Exercise brief: Nothing but text lines should be duplicated: start with the first line of the listing below and stop after the line holding "Small XBox One", omitting pictures.

Data block:
========================
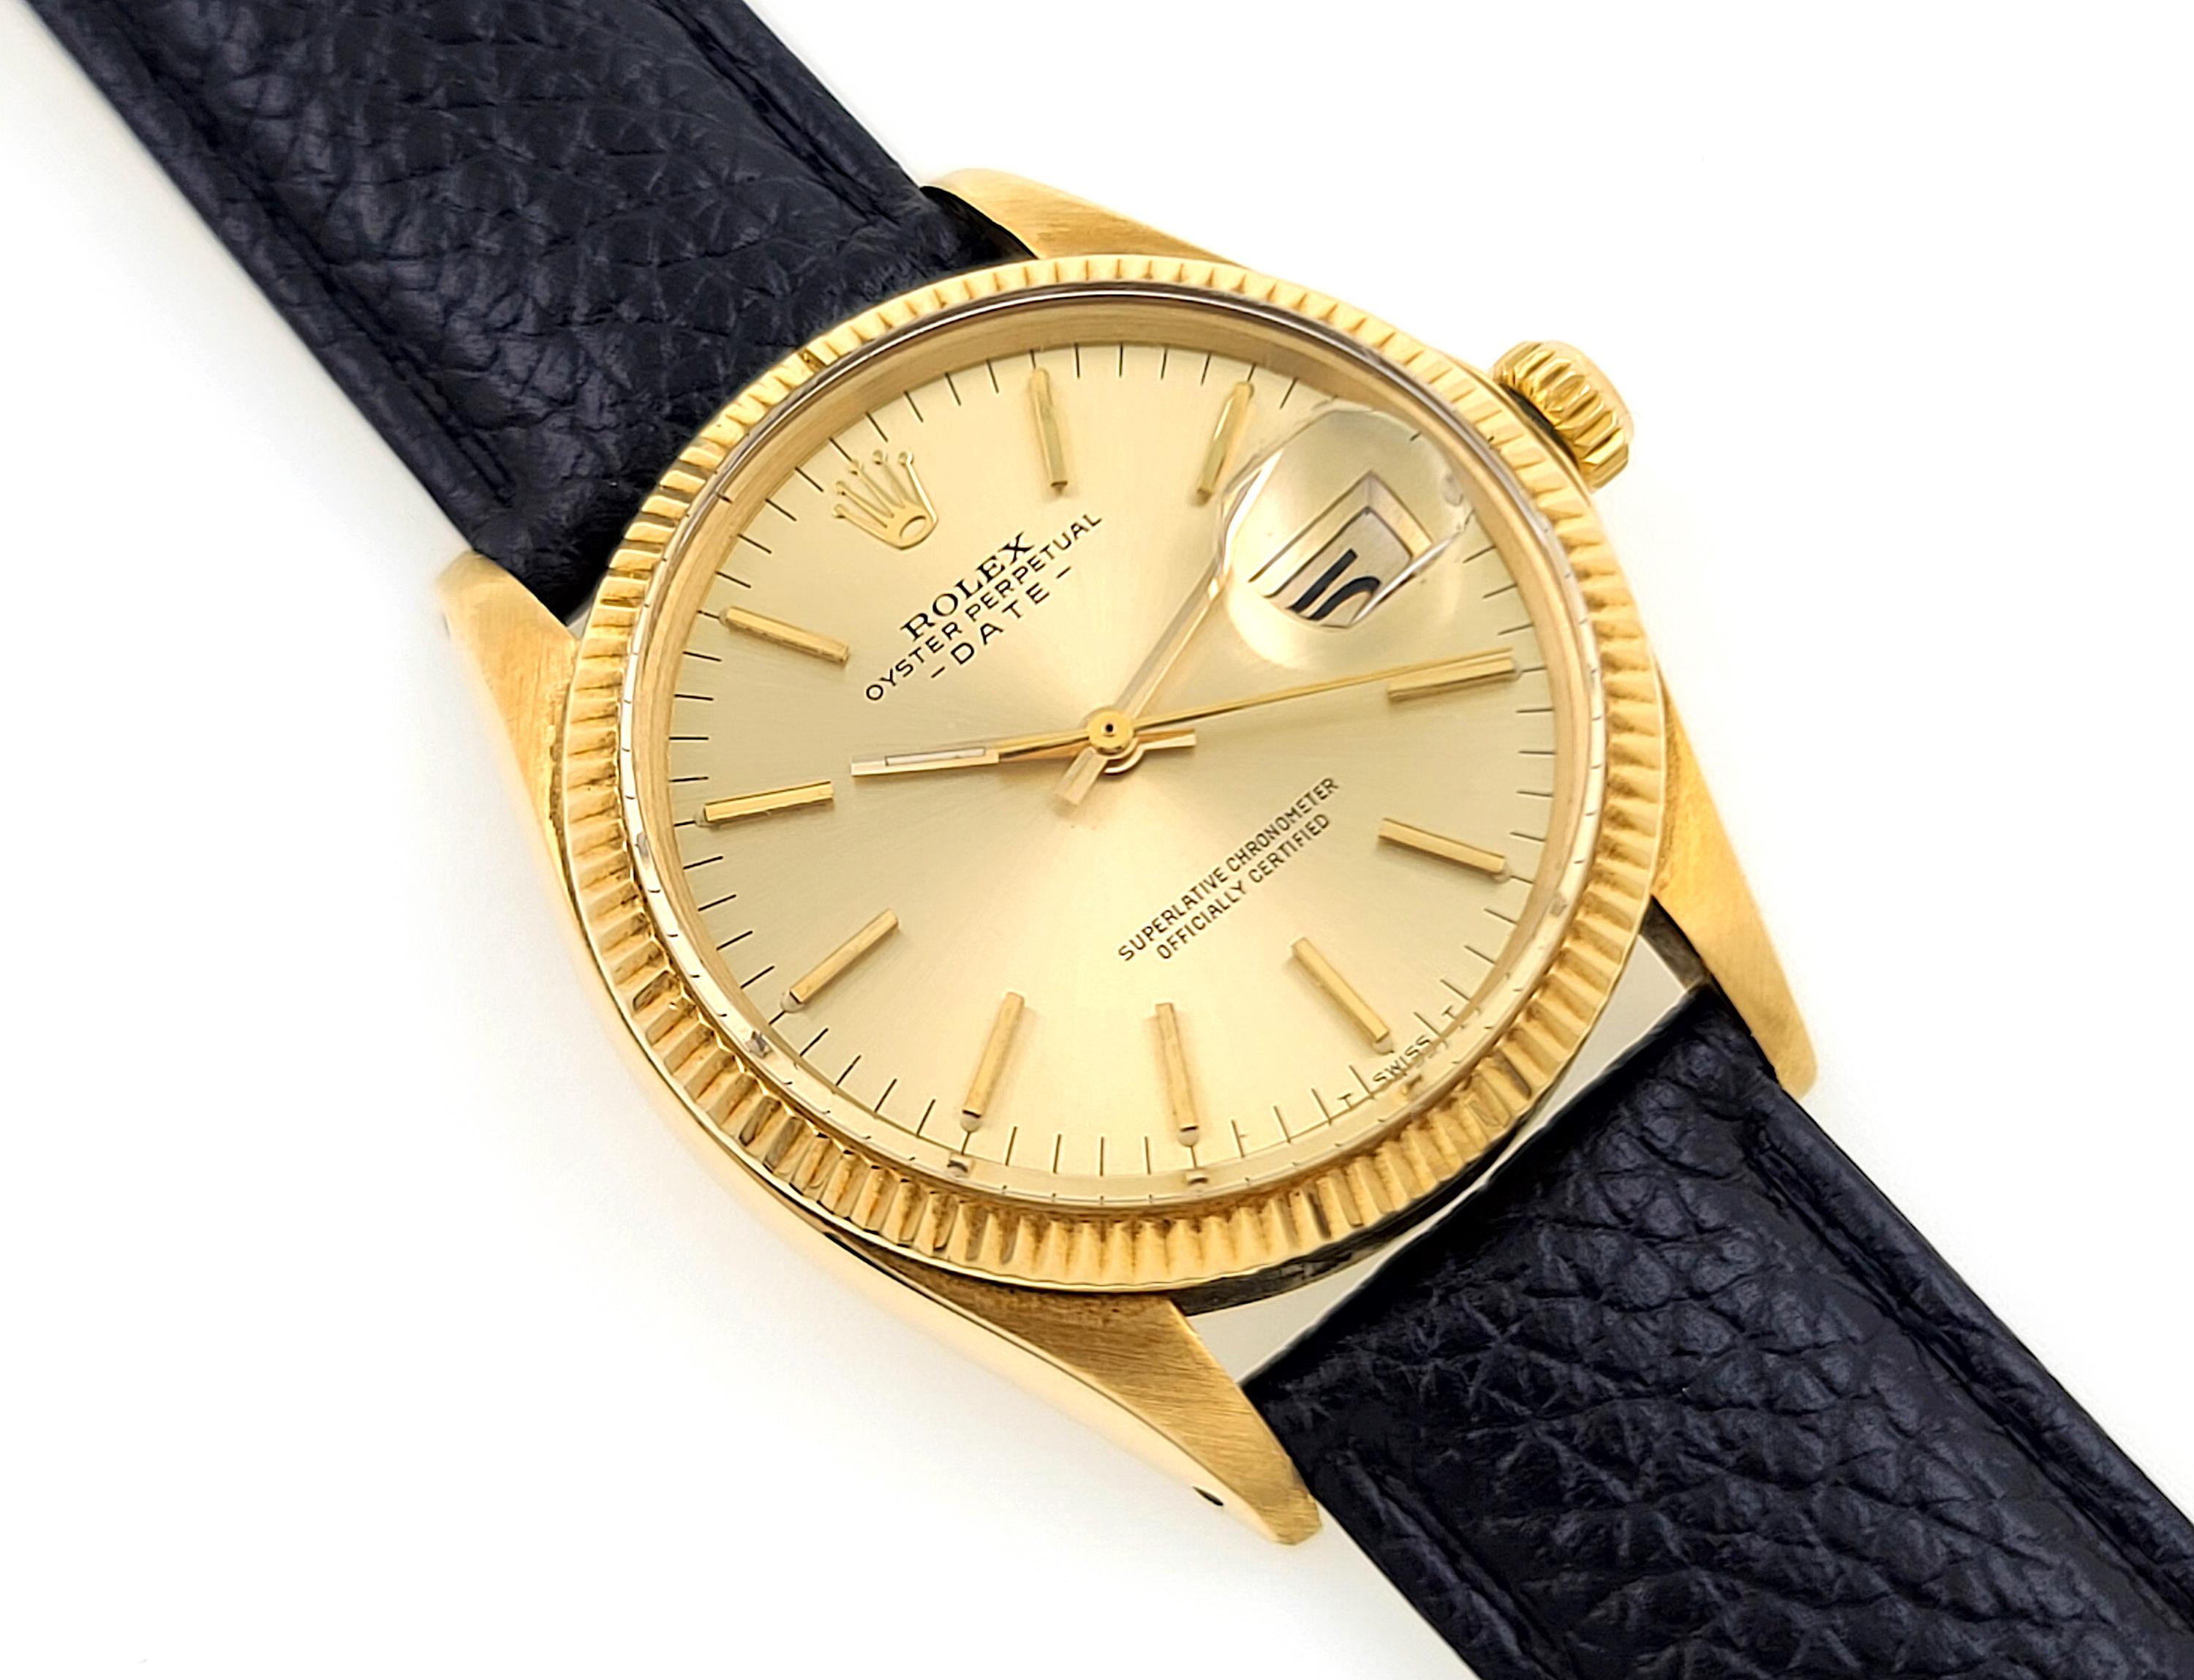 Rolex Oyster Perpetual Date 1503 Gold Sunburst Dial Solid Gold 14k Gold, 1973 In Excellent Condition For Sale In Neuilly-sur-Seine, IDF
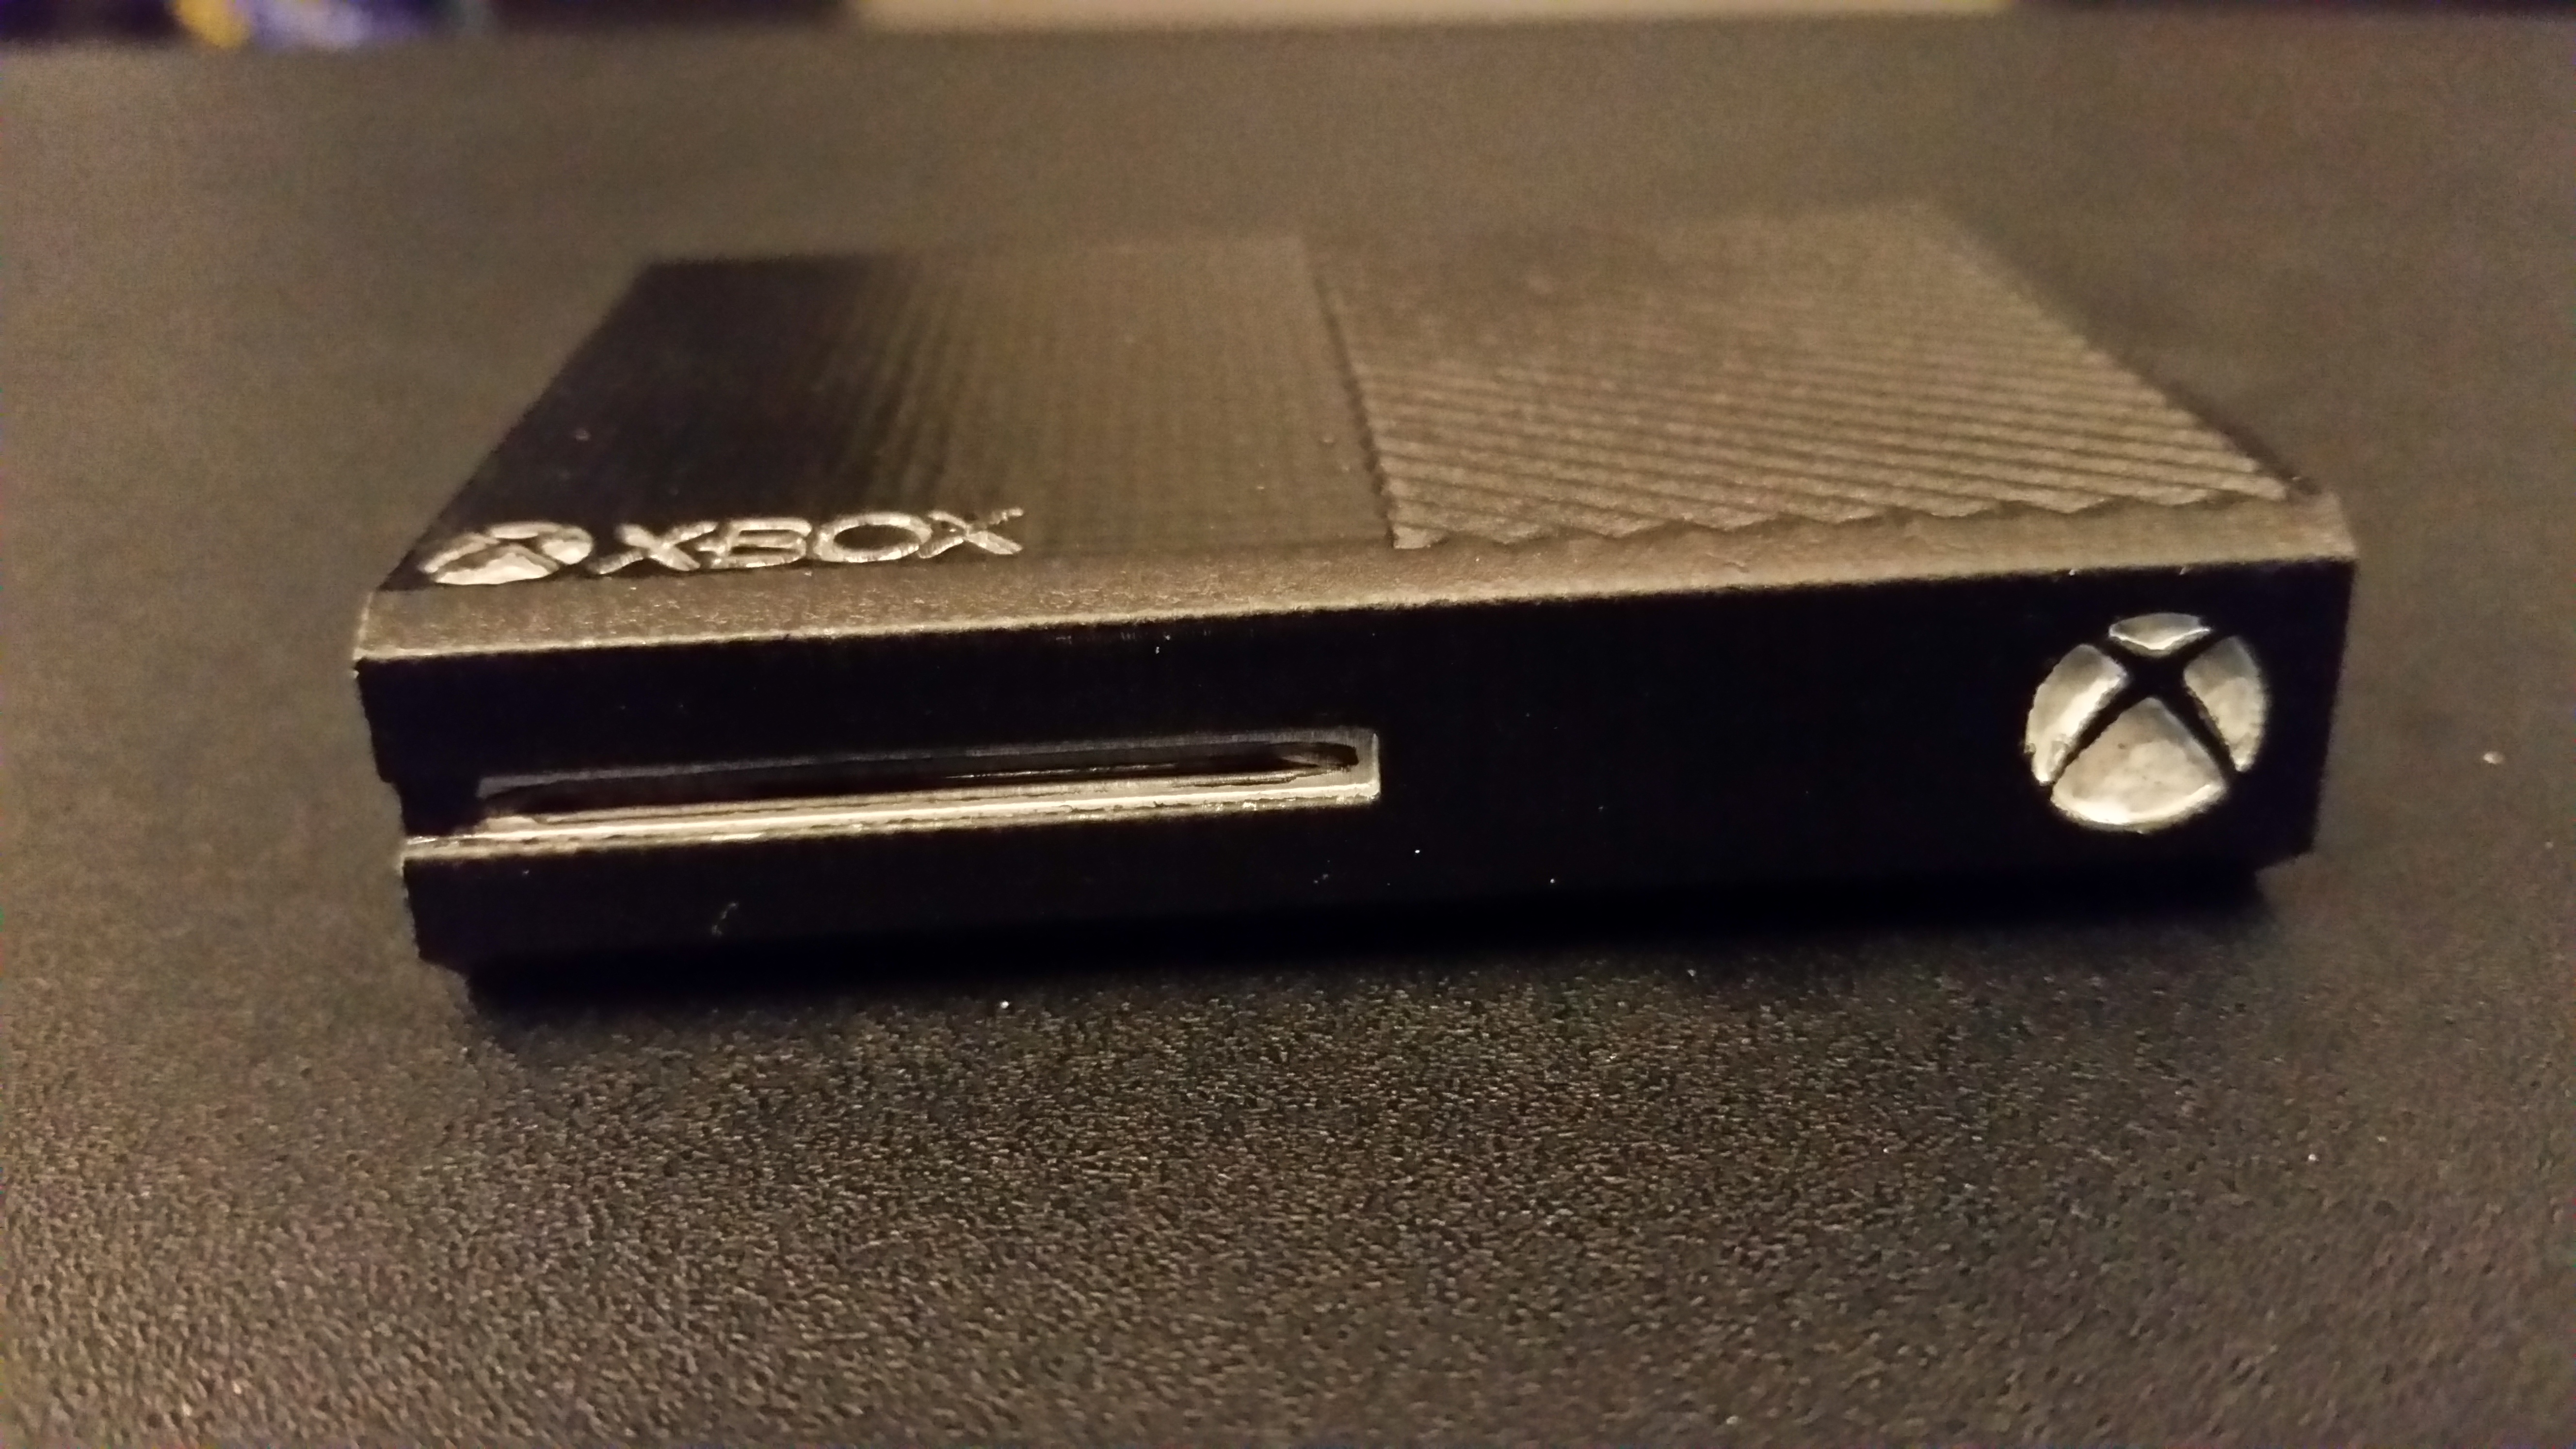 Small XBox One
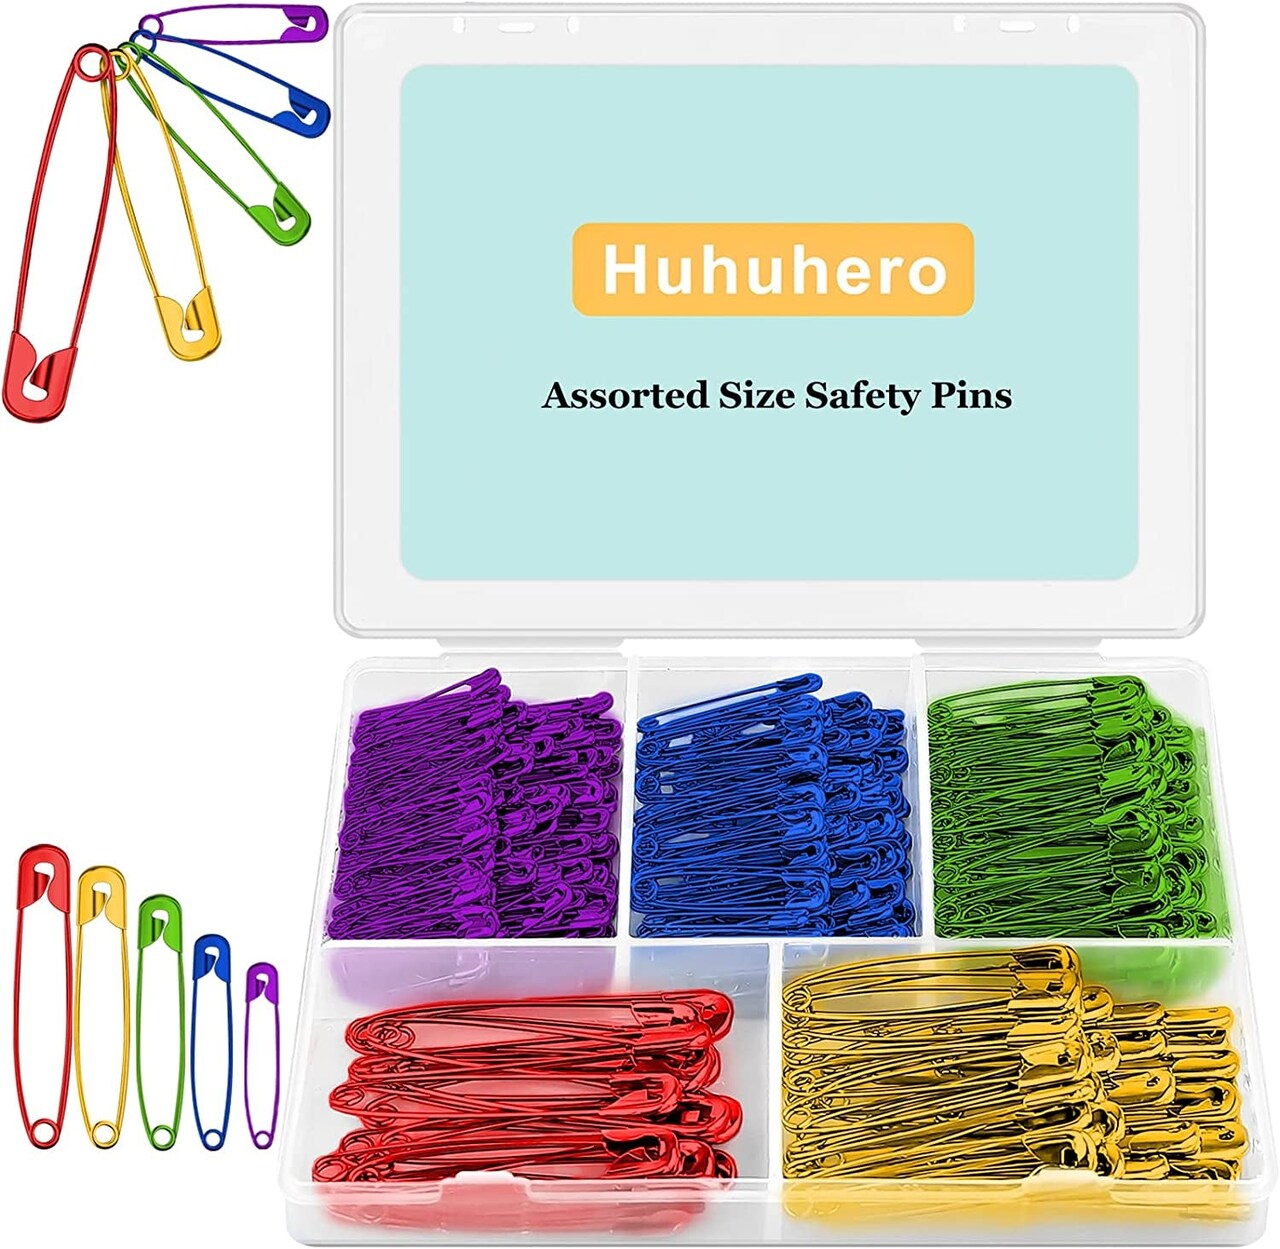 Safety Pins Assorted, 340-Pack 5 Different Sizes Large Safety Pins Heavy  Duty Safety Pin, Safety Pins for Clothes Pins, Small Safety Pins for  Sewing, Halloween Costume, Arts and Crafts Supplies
========================
Output:
 Rolex Oyster Perpetual Date 1503 Gold Sunburst Dial Solid Gold 14k Gold, 1973 In Excellent Condition For Sale In Neuilly-sur-Seine, IDF
 Small XBox One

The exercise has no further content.